Cahaya matahari yang terbit dari ufuk timur menembus garis jendela sebuah ruangan. Cahaya itu mengenai muka lelaki tadi malam dan membangunkannya.

“Kamu sudah bangun? Syukurlah kamu sadar. Badanmu lemas sekali semalam, jadi terpaksa aku memanggil warga sekitar untuk membawamu kemari. Oh iya, kamu bisa panggil aku Hasuko.”

Kata-kata Hasuko kepadanya serta senyumnya yang indah terukir dalam hati laki-laki tersebut. Pemandangan ini selamanya akan ada berada padanya selamanya. Ia hanya terdiam, kagum dengan keelokan Hasuko.

“Namamu siapa?”

tanya Hasuko.

“Namaku..”

Lelaki itu hanya terdiam. Ia tidak ingat siapa dirinya maupun jati dirinya. Baginya, ia merasa bahwa dia kosong. Dia bingung ingin berkata apa. Ia berharap ia bisa melanjutkan percakapan ini dengan menjawab pertanyaannya.

“Bagaimana kalau aku memberikan nama ‘Nanashi’ kepadamu?”
“..Nanashi?”

Nanashi terlihat sumringah. Ia menyukai nama yang diberikan oleh Hasuko. Tak lama, Hasuko memberikan sebuah gelang yang ia pasangkan di tangan Nanashi.

“Gelang ini.. melambangkan para pendahulu yang menyelamatkan desa dan negeri ini. Aku ingin kau memilikinya. Lihat, aku juga pakai gelang yang sama, lho!”
“Sekarang,” Hasuko melanjutkan. “Kita akan pergi ke leluhur terlebih dahulu untuk meminta wejangan dan arahan untukmu.”

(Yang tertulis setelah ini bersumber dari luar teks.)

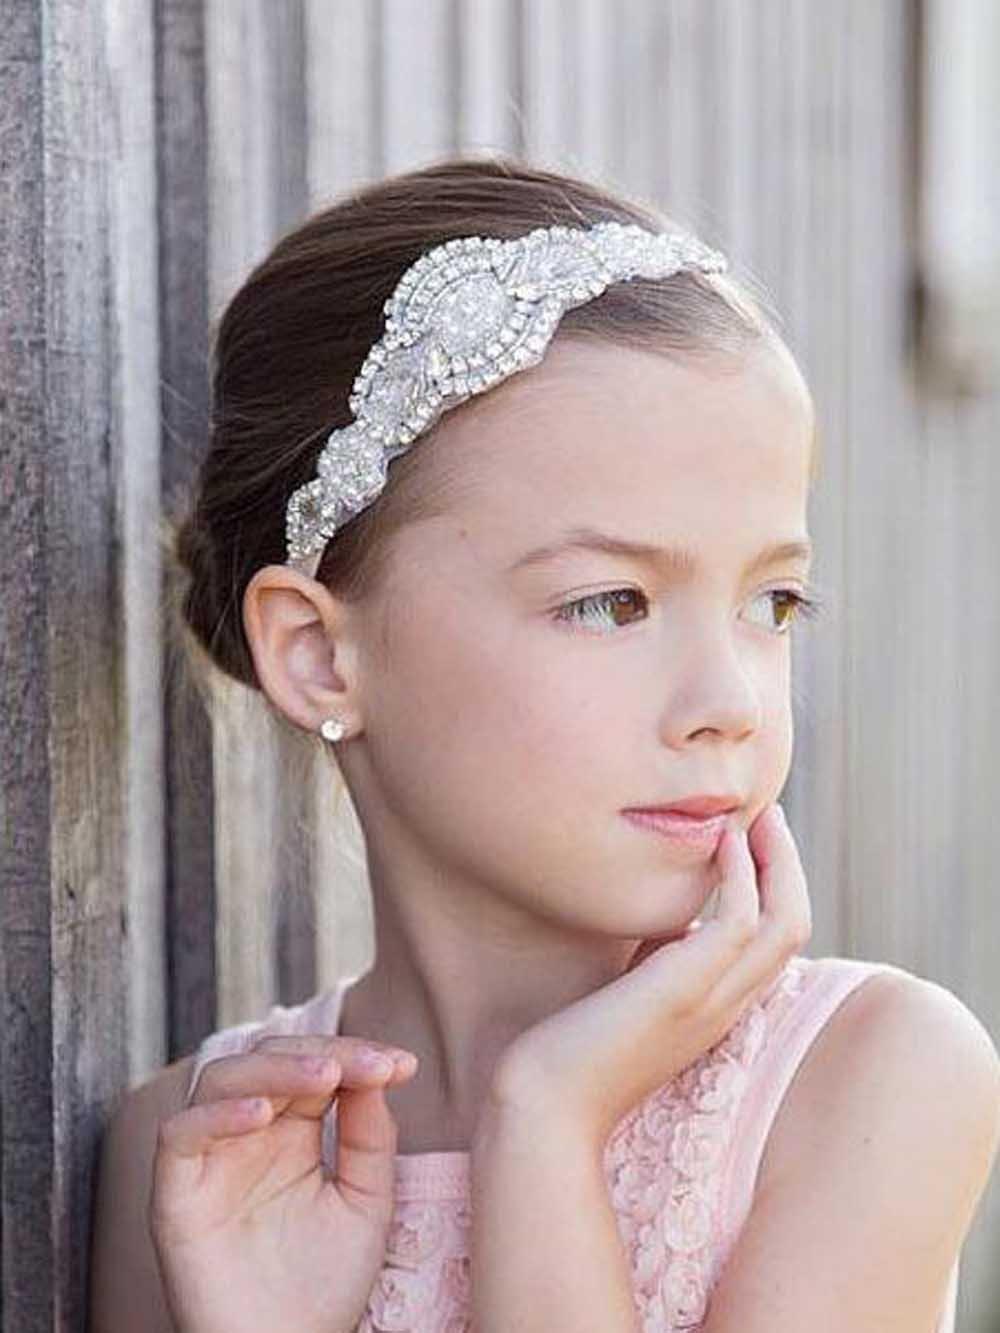 unicra flower girl headband rhinestone headband bridal headband crystal headband

Keduanya berjalan menuju kuil di atas bukit desa. Sepanjang anak tangga yang mereka lalui bersama, mereka bercengkrama mengenai banyak hal. Khususnya tentang budaya desa dan negeri ini. Hasuko menjelaskan bahwa desa ini merupakan salah satu dari sedikit tempat yang aman. Sebab di luar sana terjadi peperangan yang disebabkan oleh entitas jahat yang bernama Ashura. Paling tidak setiap abad, negeri ini memiliki seorang penyelamat yang diutus oleh kahyangan. Nanashi, yang tidak tahu apa apa, hanya bisa mengangguk tanpa memahami maksud Hasuko.
Sesampainya di kuil leluhur, Hasuko memerintahkan agar Nanashi mengikuti gerakan tubuh yang sama persis setelahnya. Ini bertujuan untuk mengikuti adat budaya yang ada di desa. Hasuko masuk terlebih dahulu, kemudian menunduk kepada leluhur sebagai tanda hormat kepadanya. Nanashi, yang ada dibelakang, mengikuti gerakan tubuhnya.

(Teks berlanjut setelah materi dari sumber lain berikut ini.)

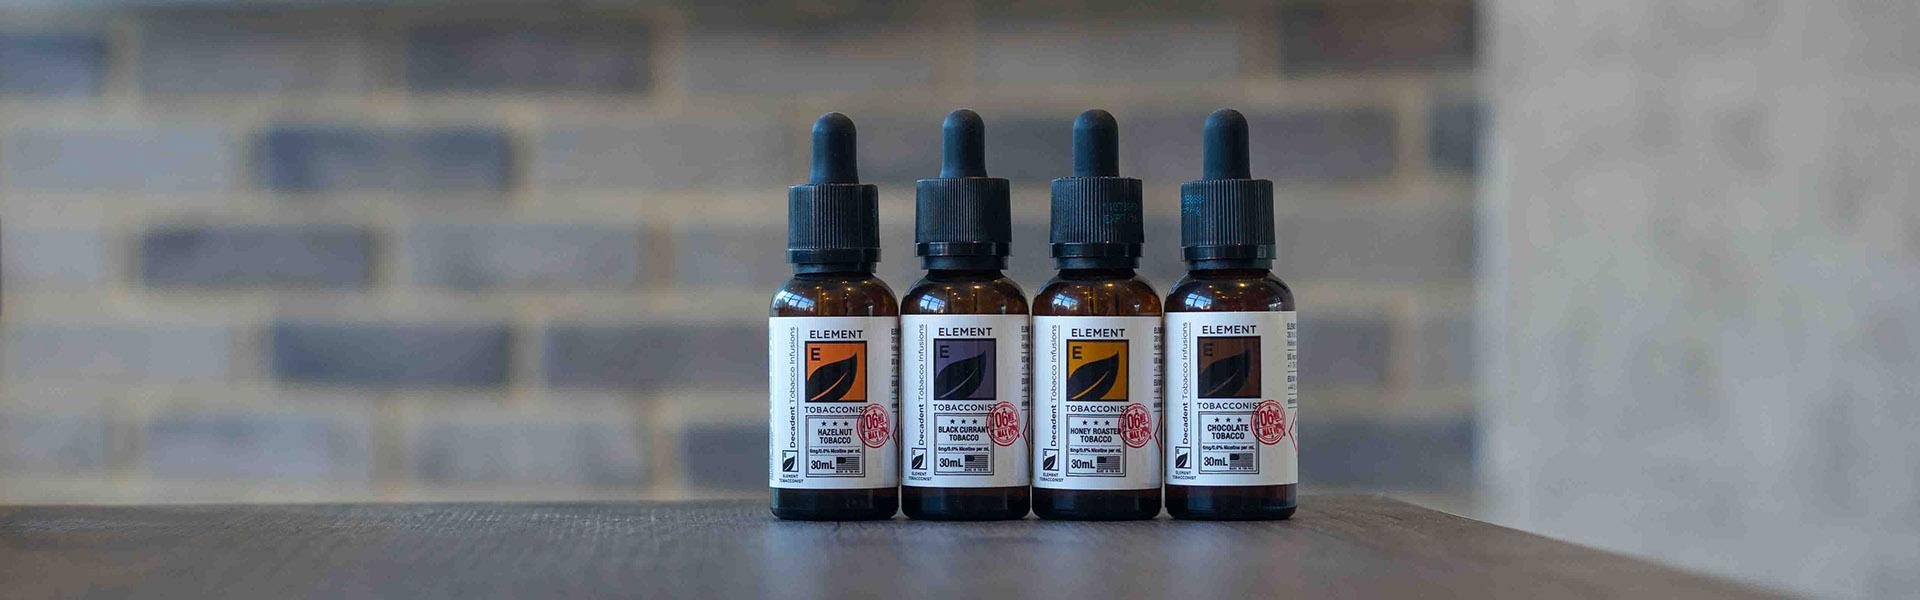 Elements Tobacconist

“Jadi ini anak yang kamu temukan di danau?”

tanya leluhur kepada Hasuko.

“Iya, betul. Sekarang, apa yang mesti kita lakukan terhadapnya, leluhur?”

“Kamu sudah jelaskan siapa kita dan di mana kita tinggal, Hasuko?”

Hasuko terlihat kaget dan malu, mengingat dia belum menceritakan mengenai hal itu. Nanashi hanya tersenyum kecil sambil memaklumi Hasuko yang mukanya merah. Hasuko kemudian mulai menjelaskan mengenai semuanya.

“Baik. Tadi kita sampai di bagian Ashura, ya? Aku perkenalkan lagi. Namaku Hasuko, lengkapnya Hasuko ke-XI. Yah, walaupun sebetulnya Hasuko itu sebuah gelar yang diberikan kepada gadis yang terpilih menjadi penjaga desa ini, aku mulai menyukai nama ini.”

“Hasuko, langsung saja ke titik utamanya.” gumam leluhur.
“Oh, maaf hehehe. Jadi desa ini bernama Desa Bunga Teratai. Sebab, desa ini menjadi titik utama terjadinya lingkar Rinne, yaitu datangnya seorang penyelamat dari kahyangan. Yah, dalam ajaran kami memang lingkar ini diumpamakan sebagai bunga teratai.”
“Lalu apa hubungannya denganku?”

tanya Nanashi kepada leluhur dan Hasuko.

“Begini, nak. Kamu ada di sini tanpa ingatan tentang dirimu dan jati dirimu, bukan? Untuk mengembalikan ingatanmu itu, kamu harus mengunjungi Empat Penjaga Arah Mata Angin. Atau bisa disebut sebagai Shijin. Pertama adalah Genbu yang menguasai daerah salju Hoppou di utara, Seiryu yang menguasai daerah perbukitan Touhou di timur, Byakko yang menguasai daerah hutan Seiho di barat, dan Suzaku yang menguasai pegunungan berapi Nanpou di selatan. Masing-masing penjaga akan memberikan kepadamu sesuatu. Apa, aku juga tidak tahu. Yang jelas kau mesti ke sana untuk menemui mereka.”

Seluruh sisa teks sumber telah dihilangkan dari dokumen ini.